## Assignment
Without copying any picture, return all lines below exactly.

## Supplied data

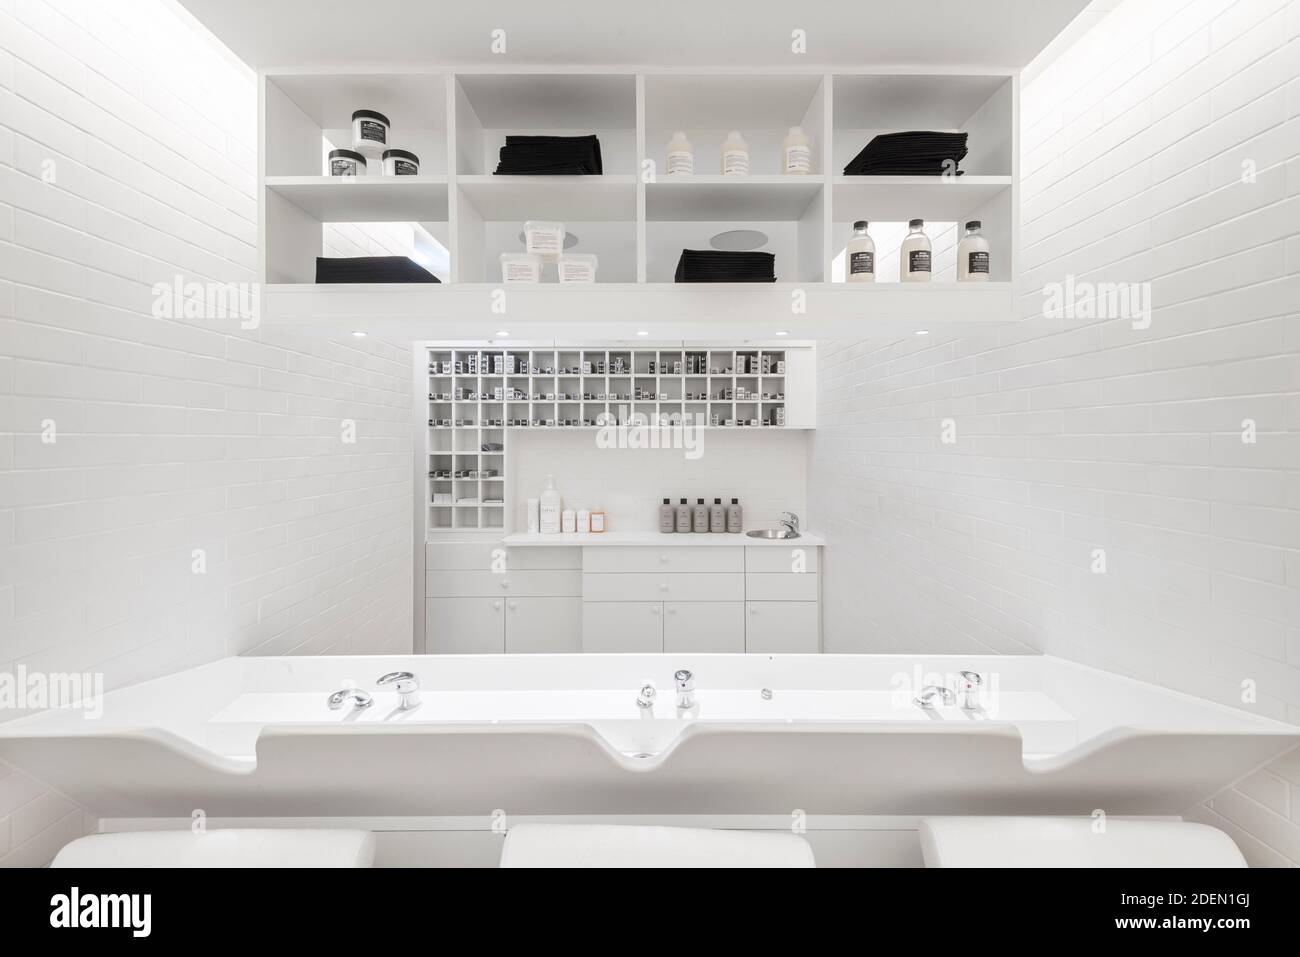 Laboratoire de couleurs et toilettes. Salon 64, Londres, Royaume-Uni. Architecte: Jak Studio, 2020. Banque D'Images
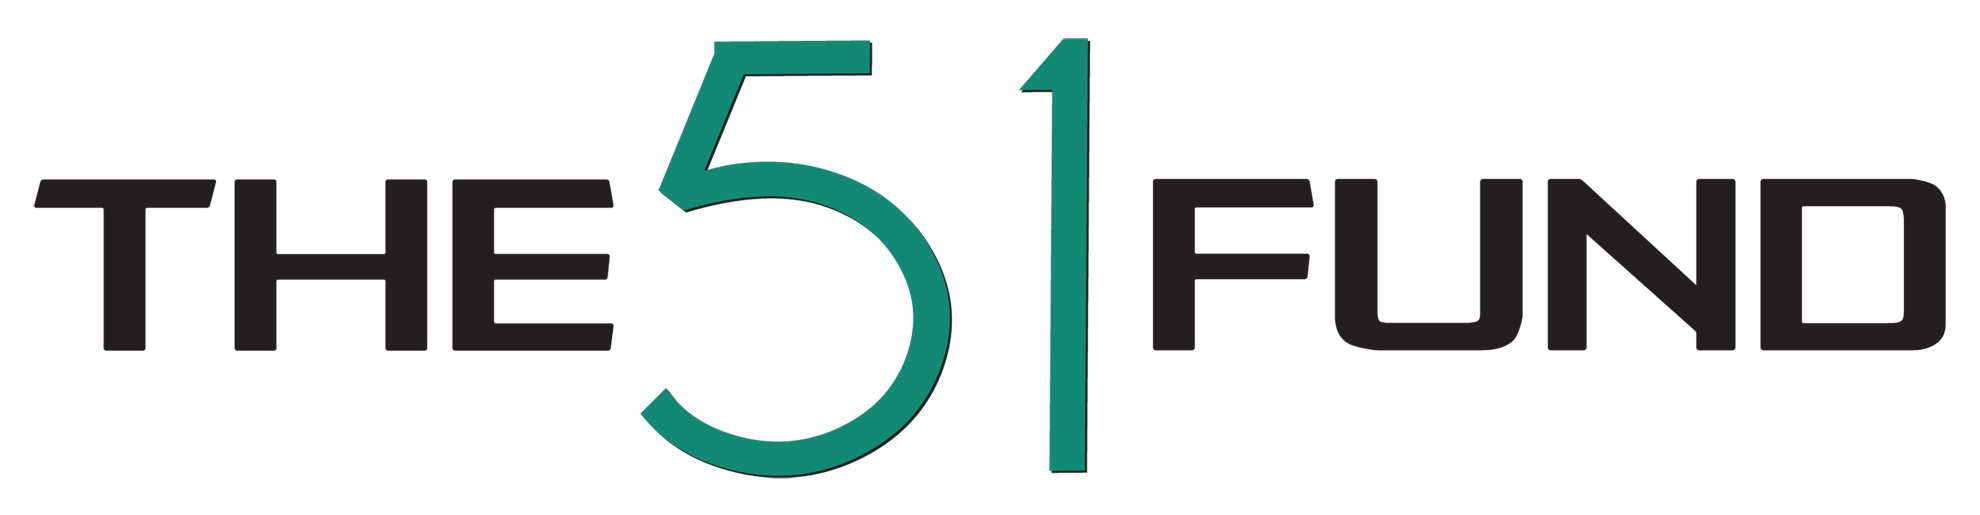 51fund-logo-xlrge.png
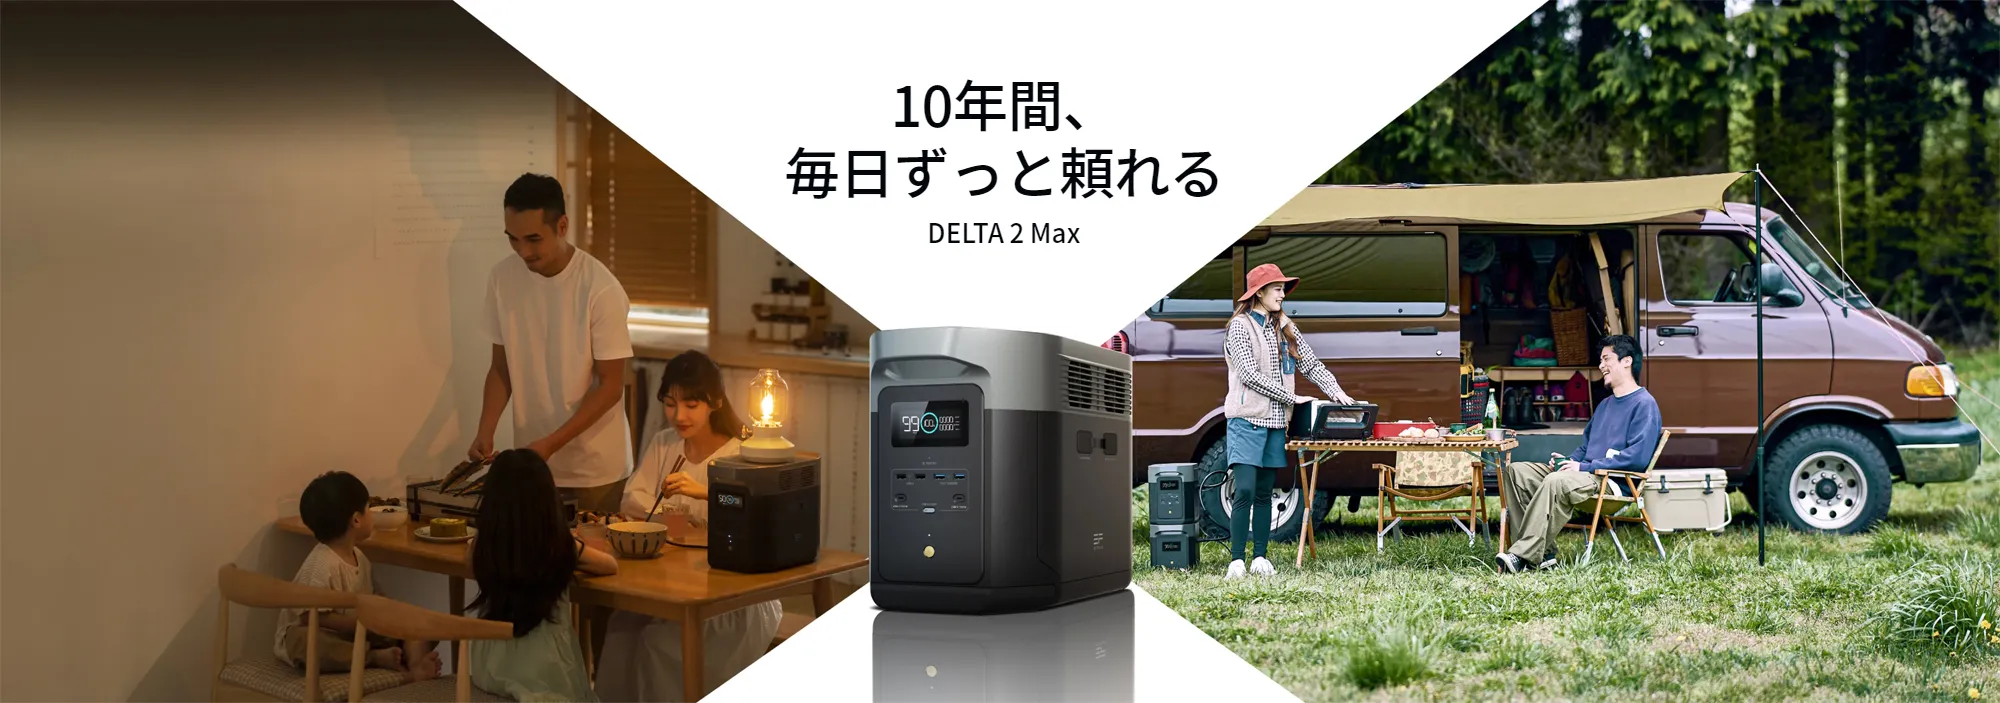 10年間ずっと頼れるポータブル電源 DELTA 2 Max
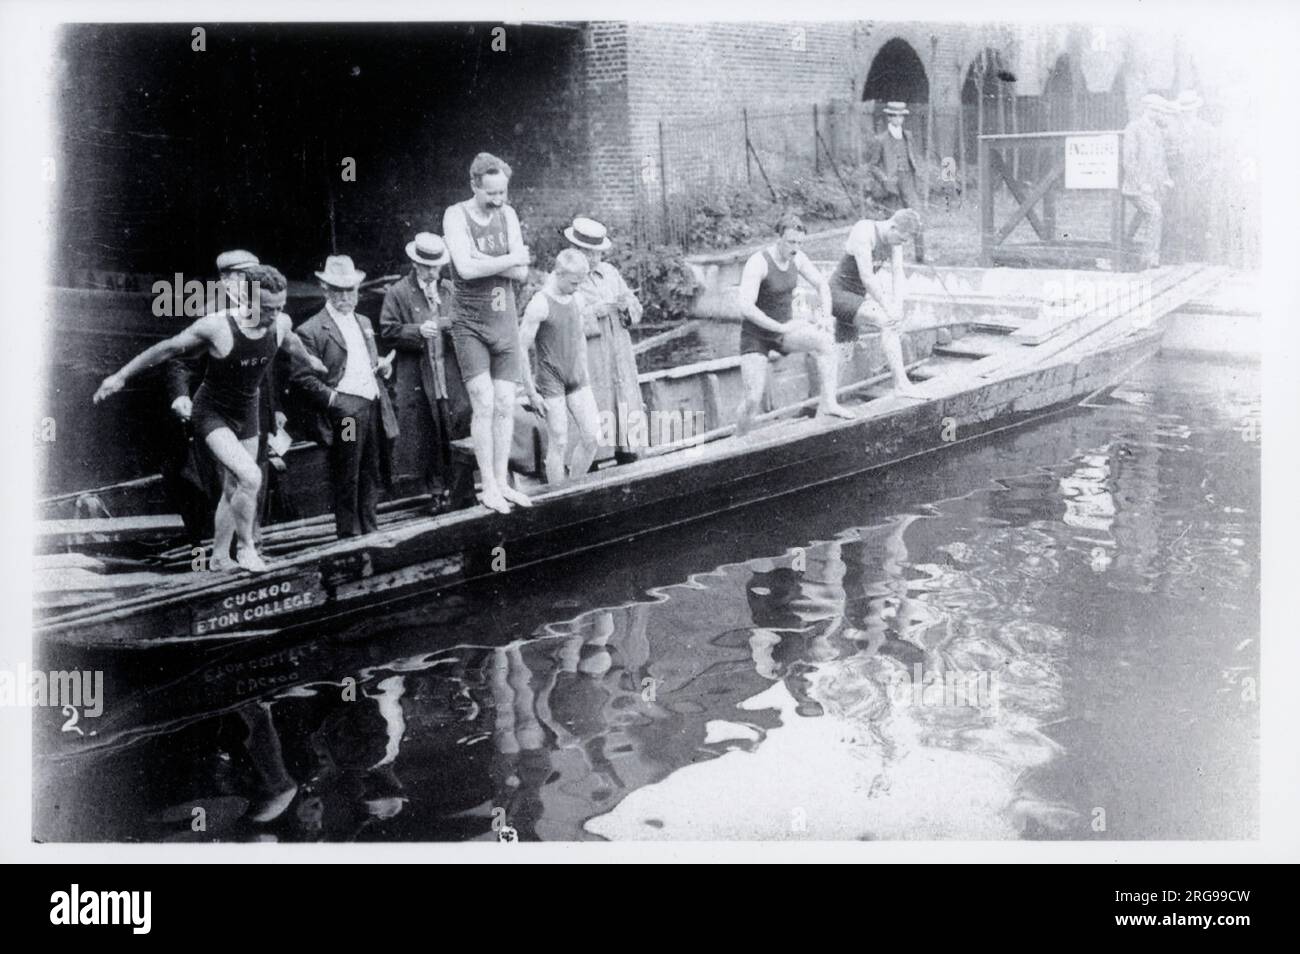 Mitglieder des W. S. C. (Windsor Swimming Club), die sich den Eton College Punt „Cuckoo“ als Startlinie für ein Rennen auf der Themse ausgeliehen haben. Der Kurs verlief von der Great Western Railway (GWR) Bridge zu den WSC Swimming Baths (eine Entfernung von ca. 400 Yards). Stockfoto

## Result
 Laboratoire de couleurs et toilettes. Salon 64, Londres, Royaume-Uni. Architecte: Jak Studio, 2020. Banque D'Images
 51fund-logo-xlrge.png
 10年間ずっと頼れるポータブル電源 DELTA 2 Max
 Mitglieder des W. S. C. (Windsor Swimming Club), die sich den Eton College Punt „Cuckoo“ als Startlinie für ein Rennen auf der Themse ausgeliehen haben. Der Kurs verlief von der Great Western Railway (GWR) Bridge zu den WSC Swimming Baths (eine Entfernung von ca. 400 Yards). Stockfoto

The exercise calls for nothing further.